Baroque-
An Interview With Raqib Shaw
Rajesh Punj
Entering Raqib Shaw’s studio via a disheveled facade front into a brilliantly baroque styled garden, one relinquishes the ugly trappings of the suburban swell of fast food restaurants and mobile phone retailers for the grandeur and grace of a stately home, cum workspace. Camouflaged by the seasonal colours of his blossoming exterior, the city is rewardingly replaced by the sensation of Shaw. As his living and working environment have become the selfimposed setting for a man who for his Indian upbringing resembles something of English playwright Quentin Crisp, for their shared anxiety of the outside world.

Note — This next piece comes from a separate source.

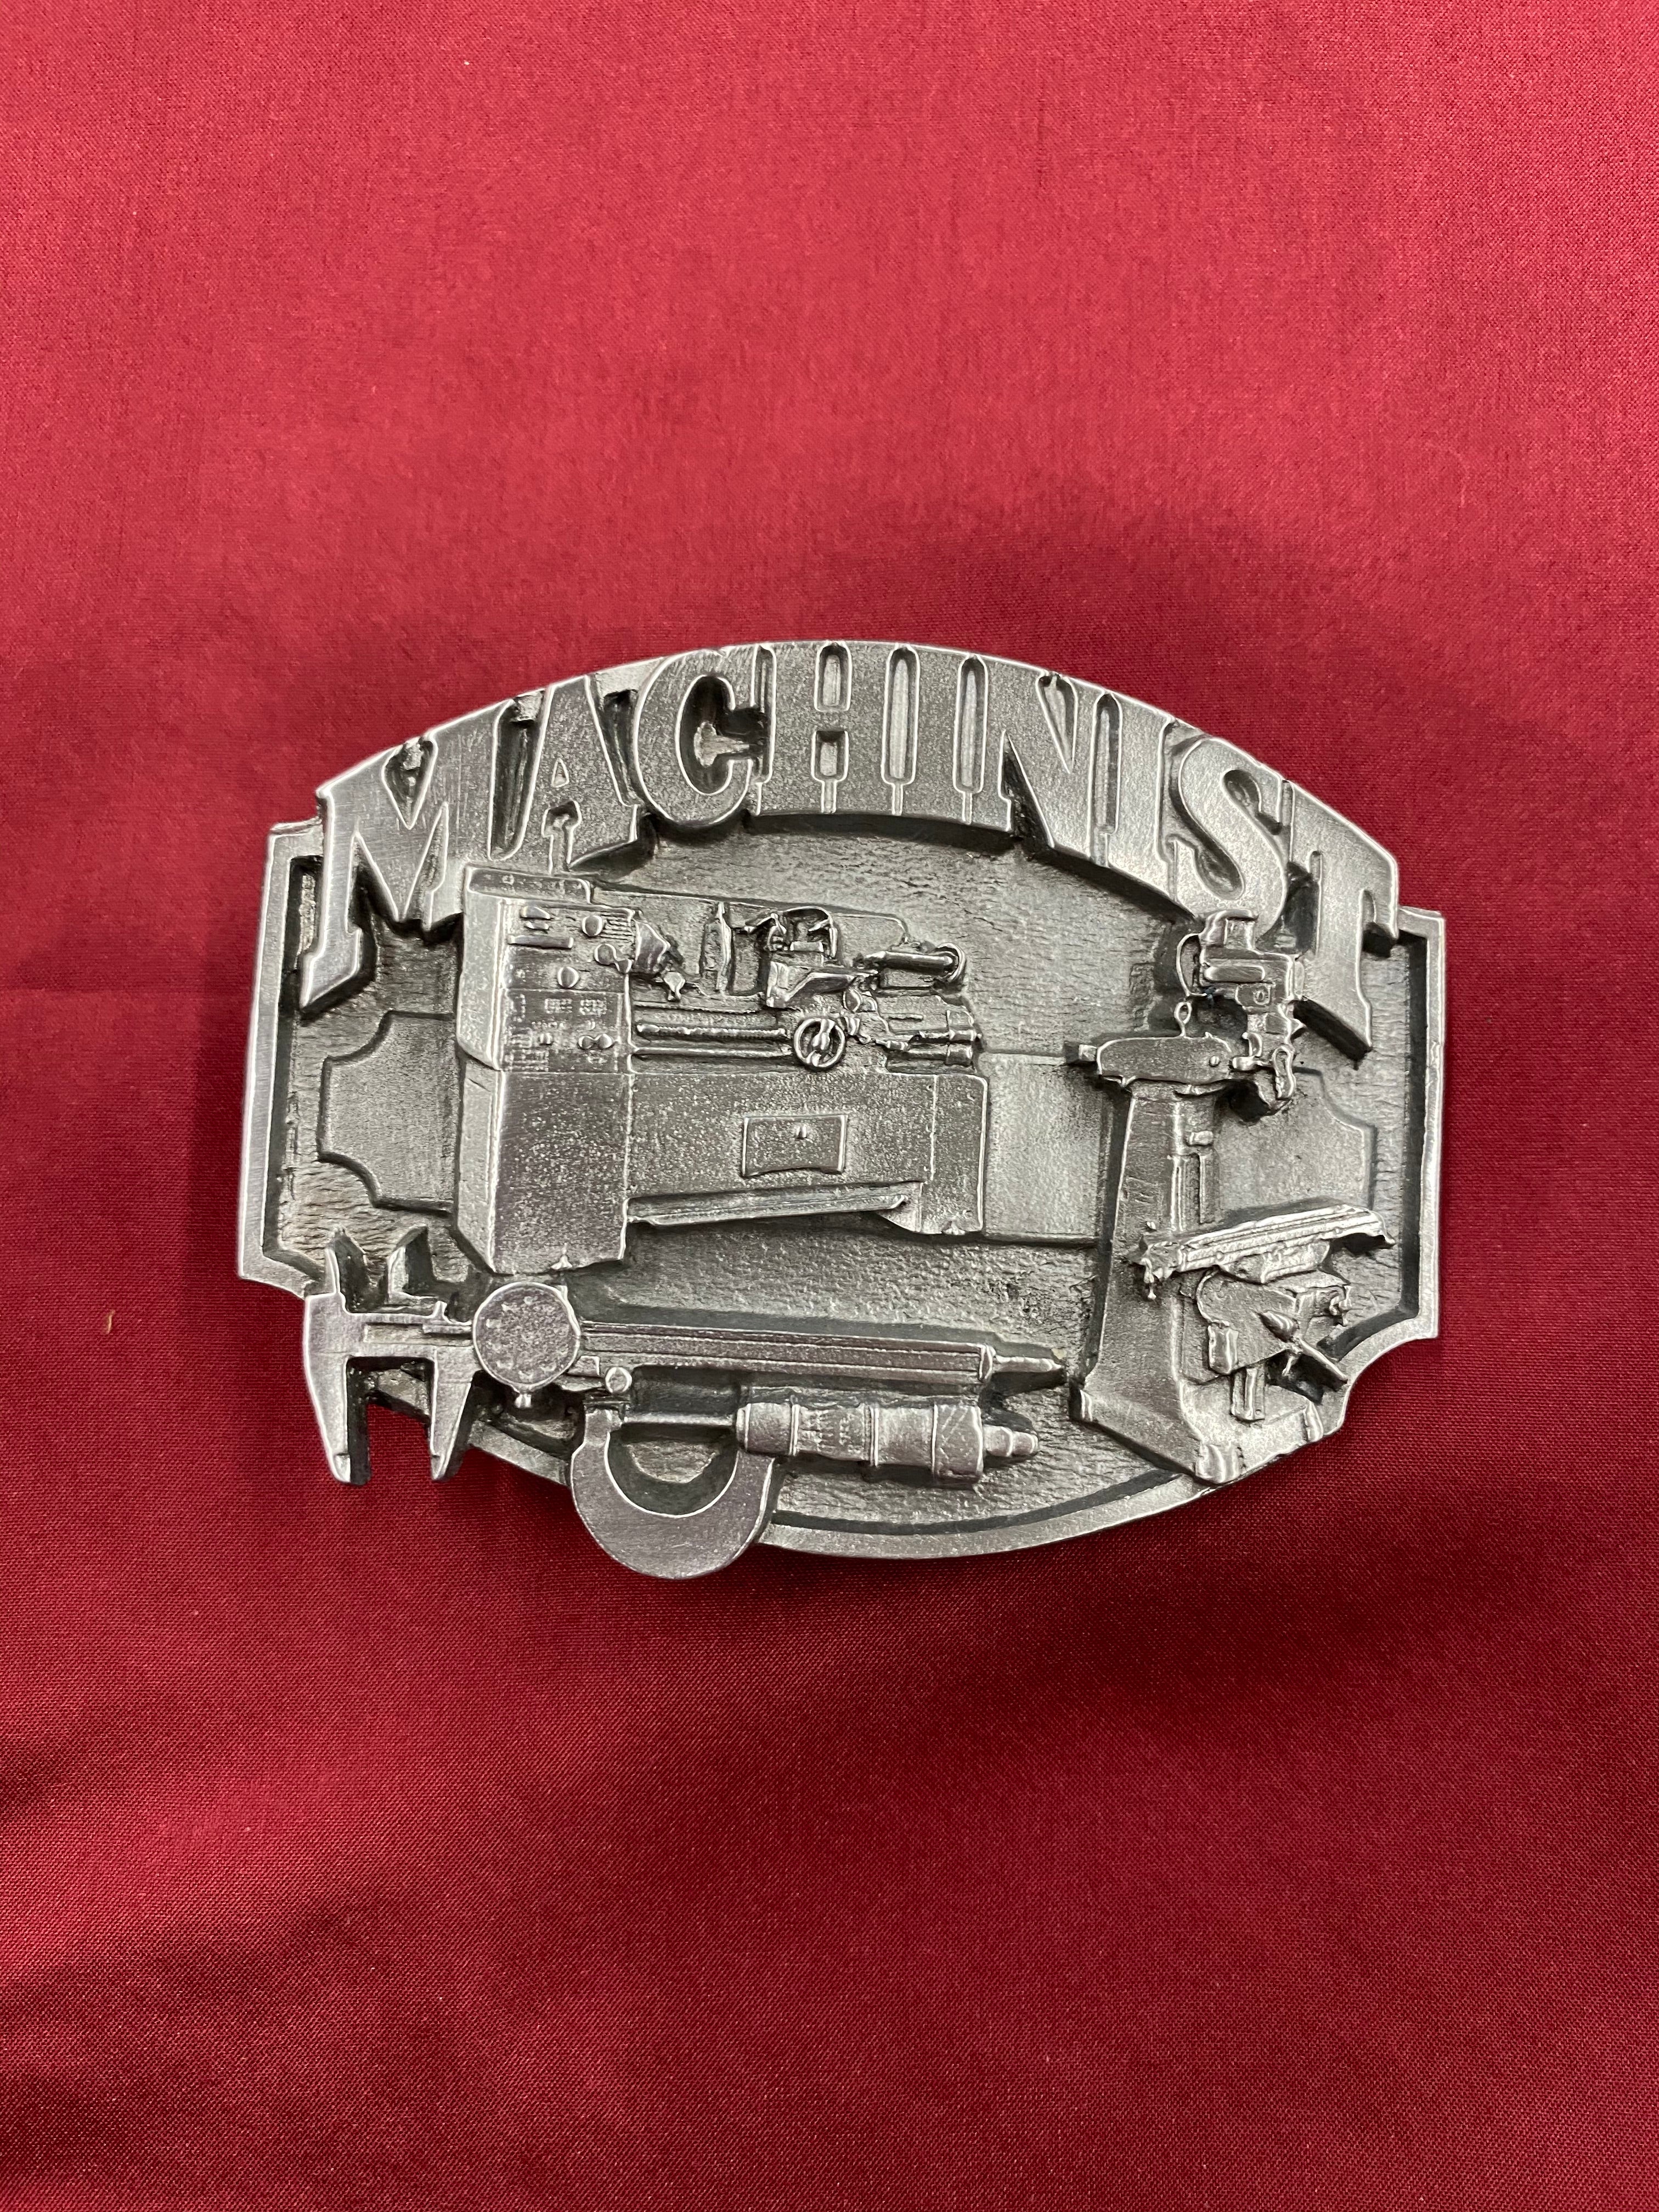 MAJOR IMPORTS MACHINIST BUCKLE

In his loosely fitting shirt, coloured neck scarf and flat cap, Shaw speaks as a raconteur of the Victorian era, with a Jack Russell terrier under one arm, where one might expect a recreational rifle. Addressing his opposite number as ‘sir’ and ‘darling’,
Shaw has already circumnavigated me through his extensive gardens and bee sanctuary, before inviting me to join him in his Bonsai garden for Kashmiri tea. Indulging in the adventure of two cultures, Shaw’s coutured manner appears as alien to who he was, as his having chosen to acquire an old sausage factory in South London as the setting for what has become an elegant enclave, from where the artist appears to want everything beautiful to flourish.